"Tu Amor" (English: "Your Love") is a song written by Diane Warren for Jon B.'s album Cool Relax.

RBD version

"Tu Amor" was later covered by Mexican pop group RBD. It was the first single released from their fourth and first all-English studio album, Rebels (2006). The song was composed by Diane Warren. The lead vocals on "Tu Amor" are sung only by Christian Chávez, while the rest of the group provides background vocals on the choruses. "Tu Amor" is a romantic song with a melodic pop style and Latin music influences. The single continued to open doors for RBD, since it had great success in various parts of the world like Japan, Romania, Slovenia, Israel, Russia, and France, where the group won an award for the song.

Release
According to writer Diane Warren and Mediabase, the song was released to American radio on September 22, 2006, after having been leaked to the Internet before its release date. "Tu Amor" officially debuted on the On Air with Ryan Seacrest radio morning show on KIIS-FM in Los Angeles, California. According to AllMusic, the single was released on CD in the United States on November 24, 2006. The song was later featured on the telenovela Rebelde when it was aired on TV5 in the Philippines.

Music video
The music video for "Tu Amor" was shot on a beach in Los Angeles, California. MTV Tres premiered the video on October 23, 2006, where it made its debut at number six on the Mi TRL music video countdown. The video was also aired on MTV Hits. The video shows the group enjoying a day at the beach singing and having fun, and later having a cozy bonfire at night. Fans noticed that there were only solo shots of band member Christopher in the video, not being shown together with the rest of the group. This was due to the fact that Christopher was not present for some reason at the time the other band members were shooting the video. His scenes were filmed later and eventually edited into the video.

Live performances 
In the 2006 edition of Walmart Soundcheck, a performance series by the Walmart retail chain to promote albums being released, the group performed "Tu Amor" for the first time. On November 24, 2006, after RBD's English interview on Yahoo! Music, the group also performed "Tu Amor". In 2007, the group appeared on the US music TV show CD USA to perform the single. Later, on July 25, 2007, the group performed "Tu Amor" on the acoustic music TV show Confesiones en Concierto on Ritmoson Latino.
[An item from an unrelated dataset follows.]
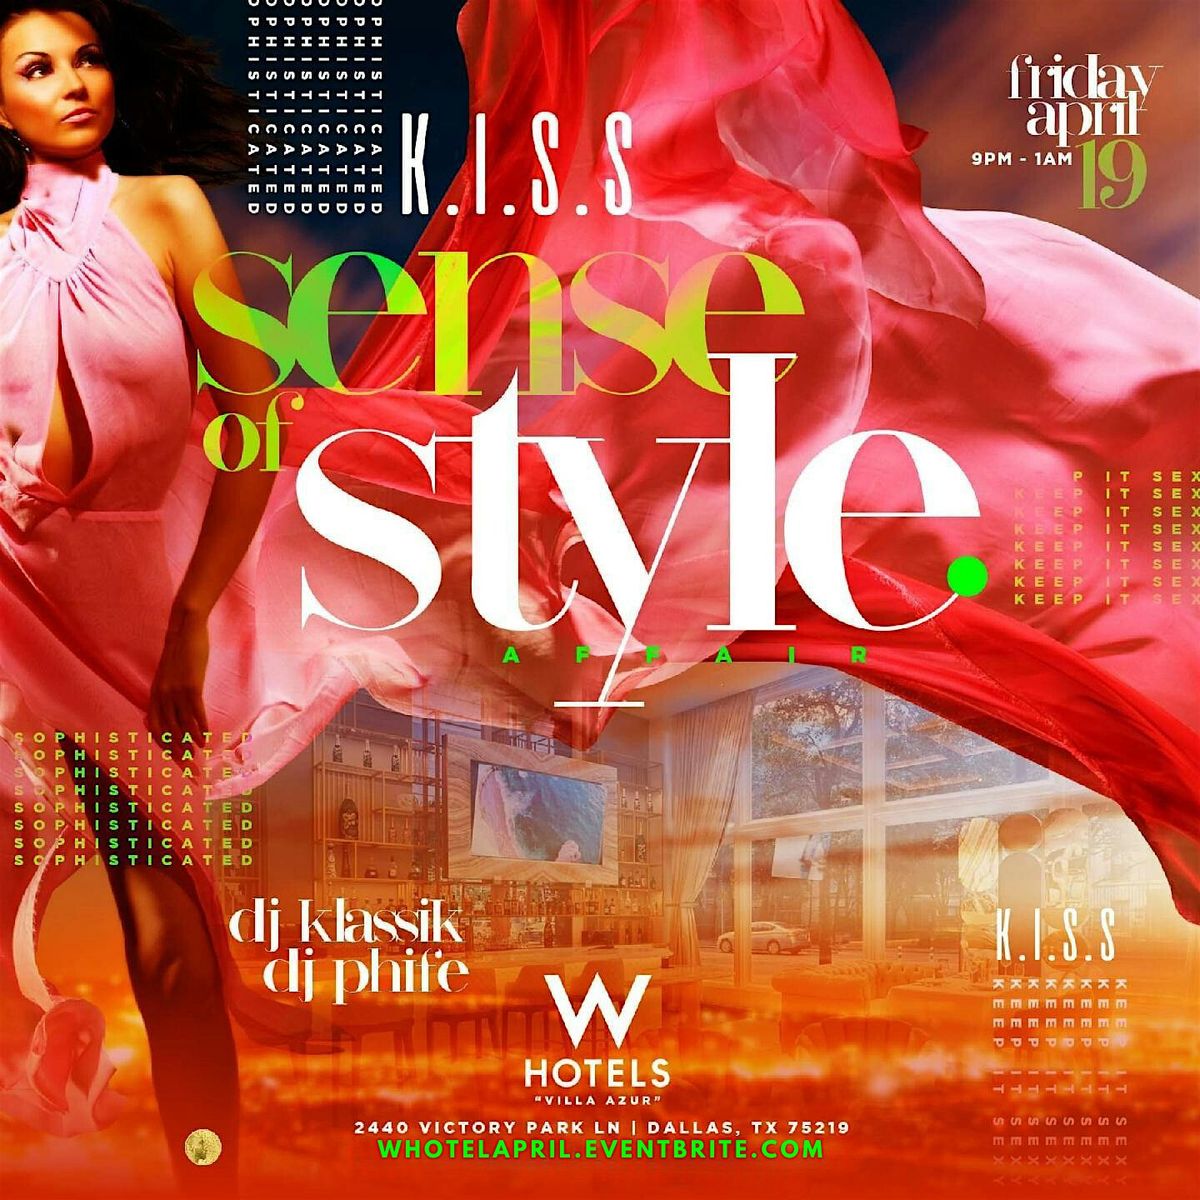 K.I.S.S. | Keep It Sexy & Sophisticated @ Villa Azur (W Hotel)
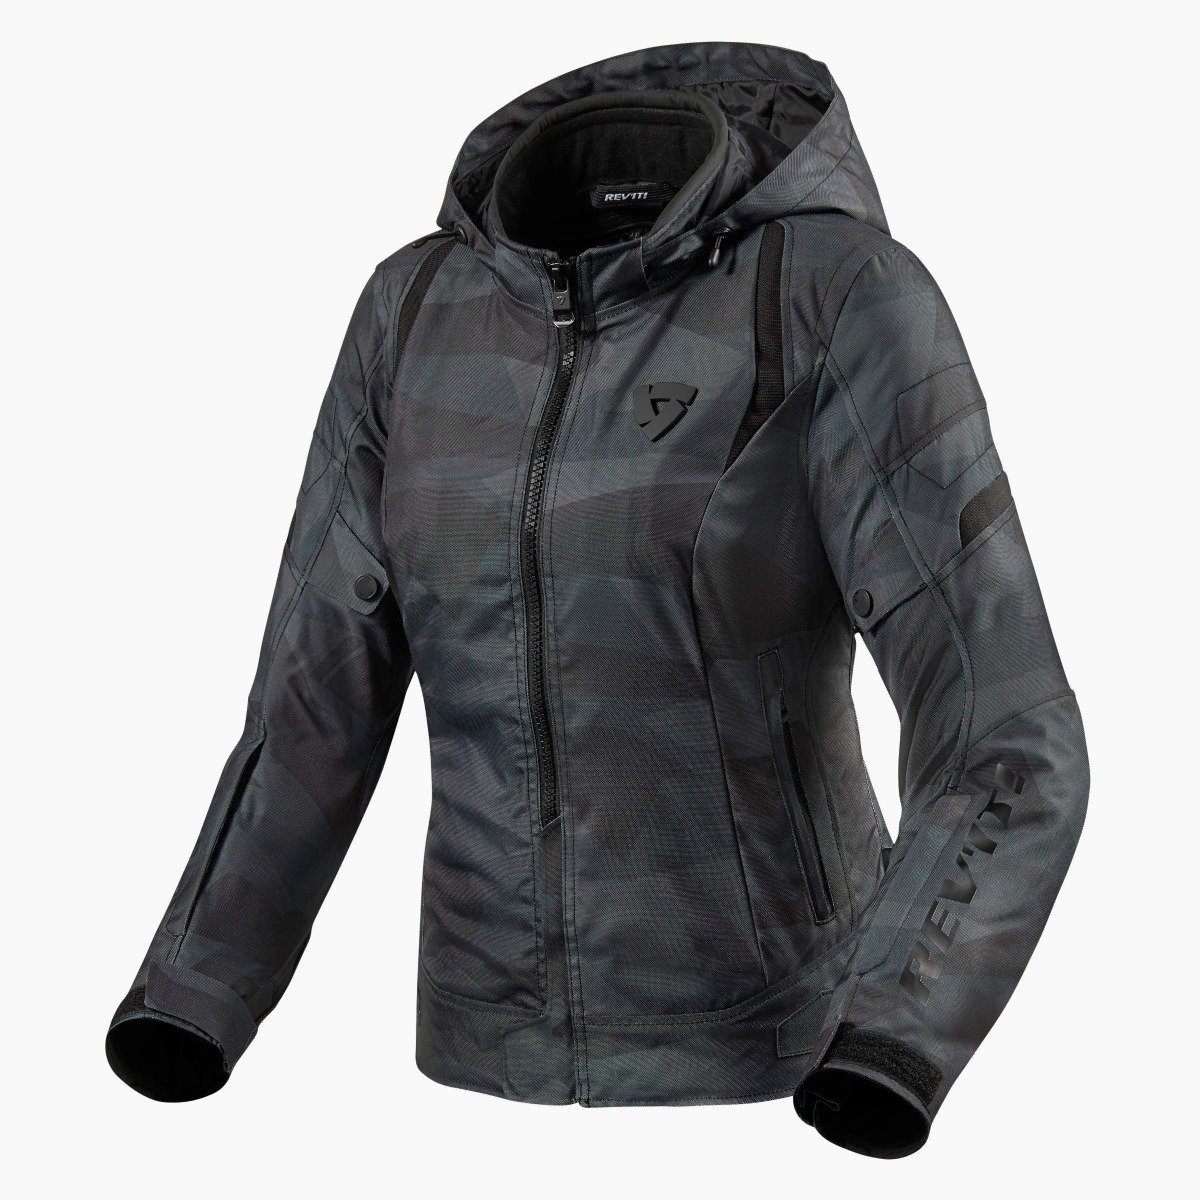 Image of REV'IT! Flare 2 Jacket Lady Camo Black Gray Size 40 EN

RBD's third worldwide concert tour, the Tour Celestial, also included performances of "Tu Amor" as part of its setlist.

Critical reception 
Jason Birchmeier of AllMusic commented that "Tu Amor", the lead single from Rebels, was "perfect for the project" due to its "simplicity" and "production". He also complimented Christian Chávez' vocals, stating that Chávez is "the most fluent singer in the group, with the chorus sung in unison by the group – it's a single tailor-made for Tres".

Commercial performance 
The song became RBD's second single to chart on the US Billboard Hot 100, where it reached position number 65, the highest peak of the group's career on the chart. In Japan, however, the song managed to hit number 30 on the country's singles chart.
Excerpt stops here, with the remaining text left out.